* _Information provided_
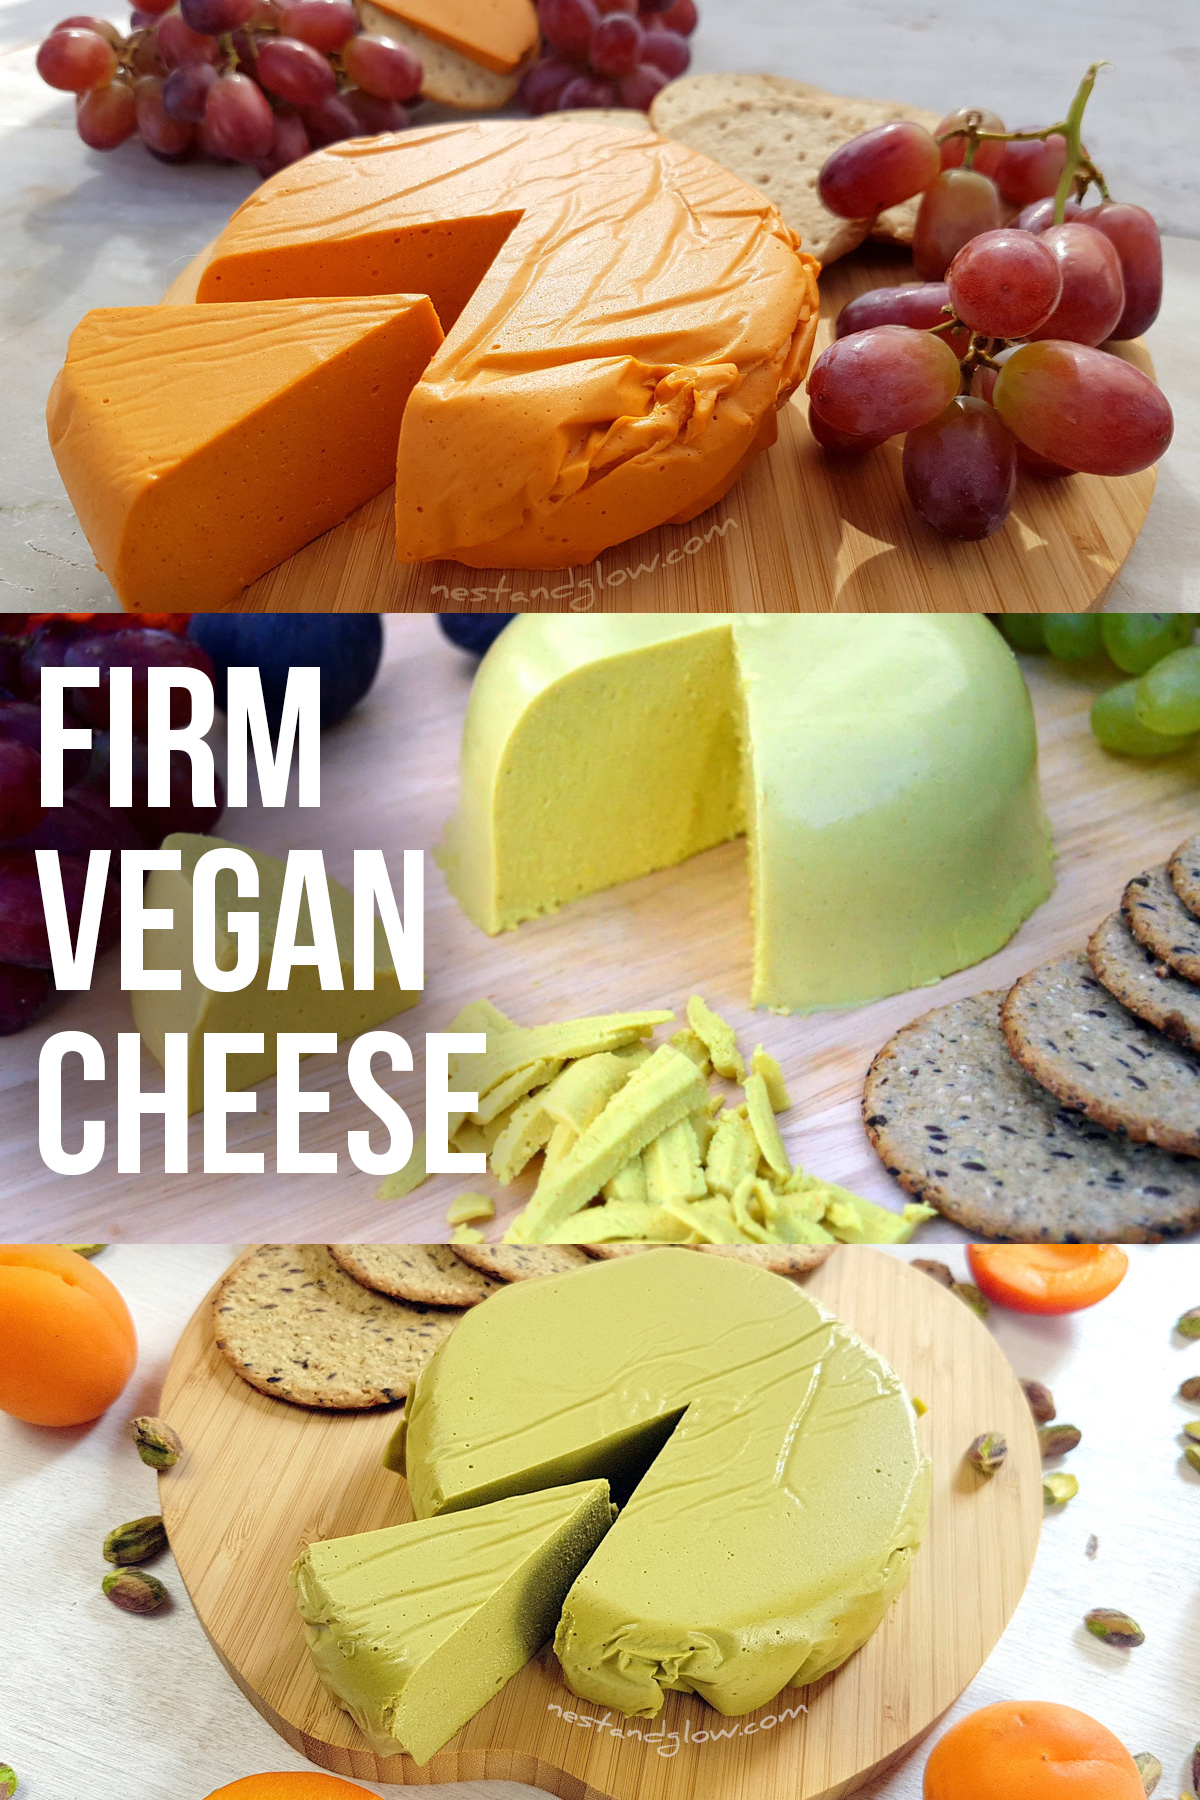 Vegan Hard Cheese Recipes Sliced Or Grated For Pizza And Vegan Cheddar 
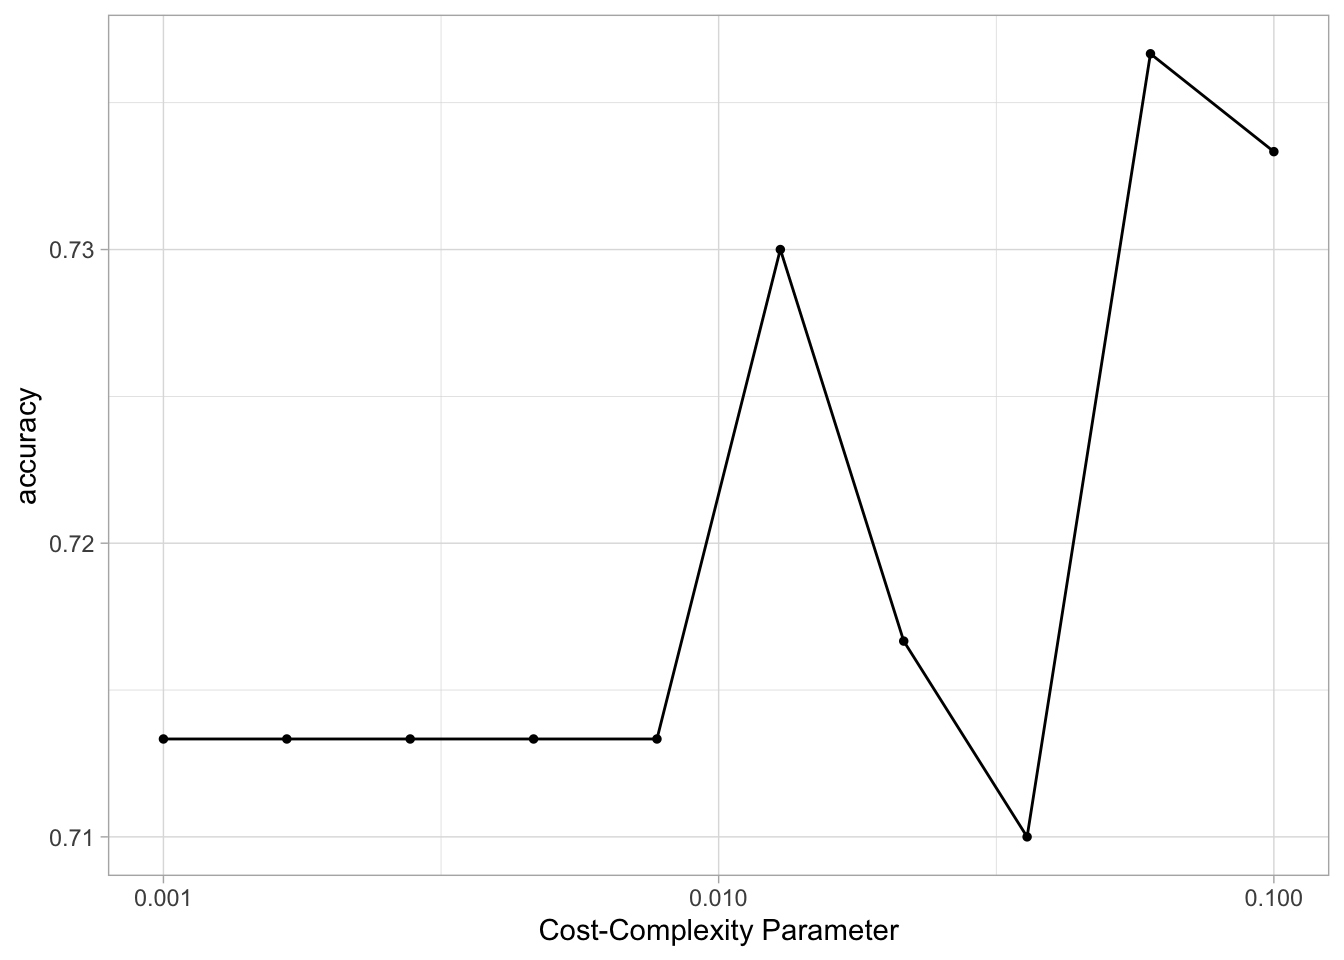 Connected scatter chart. Cost-complexity along the x-axis, accuracy along the y-axis. The accuracy stays constant for low values of cost-complexity. When cost-complexity is larger than 0.01 the accuracy shoots up and down rapidly.
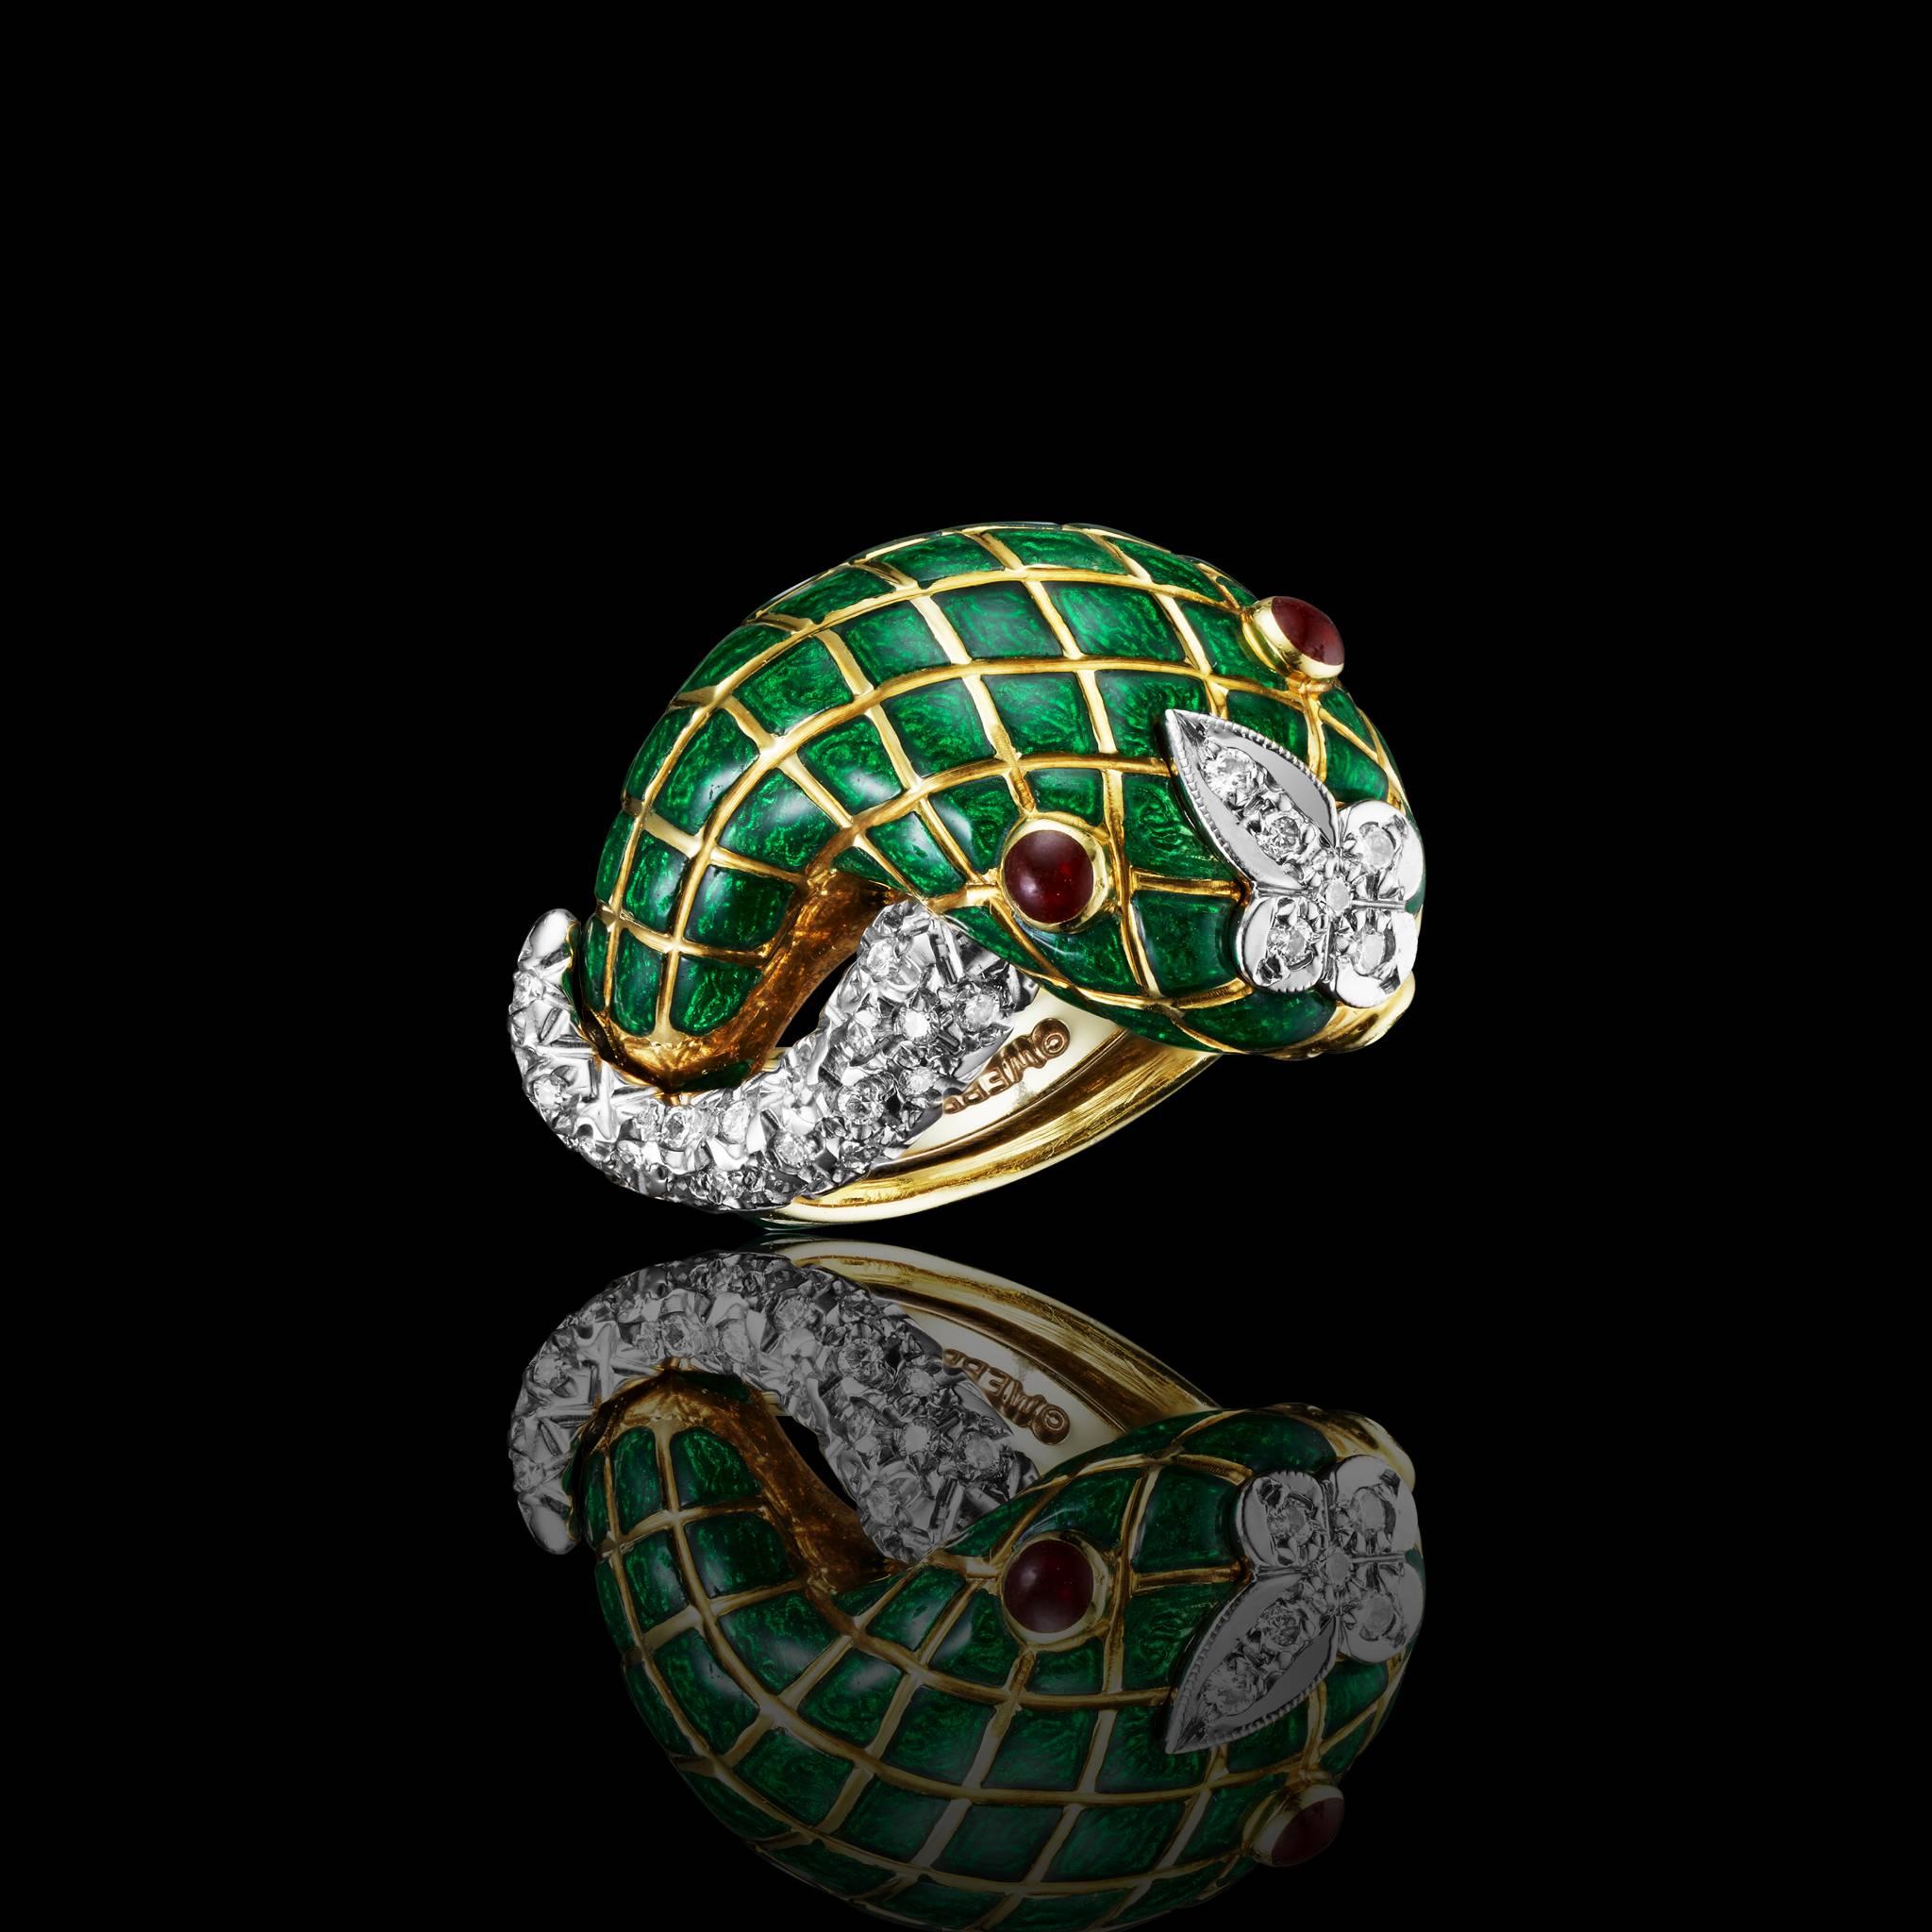 David Webb 18k gold,platinum,diamonds,ruby,and green enamel ring.The green enamel body features the likeness of a rattlesnake.The tell and the nose are made of high quality brillants' cut diamonds on platinum  .The eyes are made of 2 ruby.
-Round

* _Task description_
Without any of its images, the data above should be returned exactly.

* _Completed exercise_
 Vegan Hard Cheese Recipes Sliced Or Grated For Pizza And Vegan Cheddar 
 Connected scatter chart. Cost-complexity along the x-axis, accuracy along the y-axis. The accuracy stays constant for low values of cost-complexity. When cost-complexity is larger than 0.01 the accuracy shoots up and down rapidly.
 David Webb 18k gold,platinum,diamonds,ruby,and green enamel ring.The green enamel body features the likeness of a rattlesnake.The tell and the nose are made of high quality brillants' cut diamonds on platinum  .The eyes are made of 2 ruby.
-Round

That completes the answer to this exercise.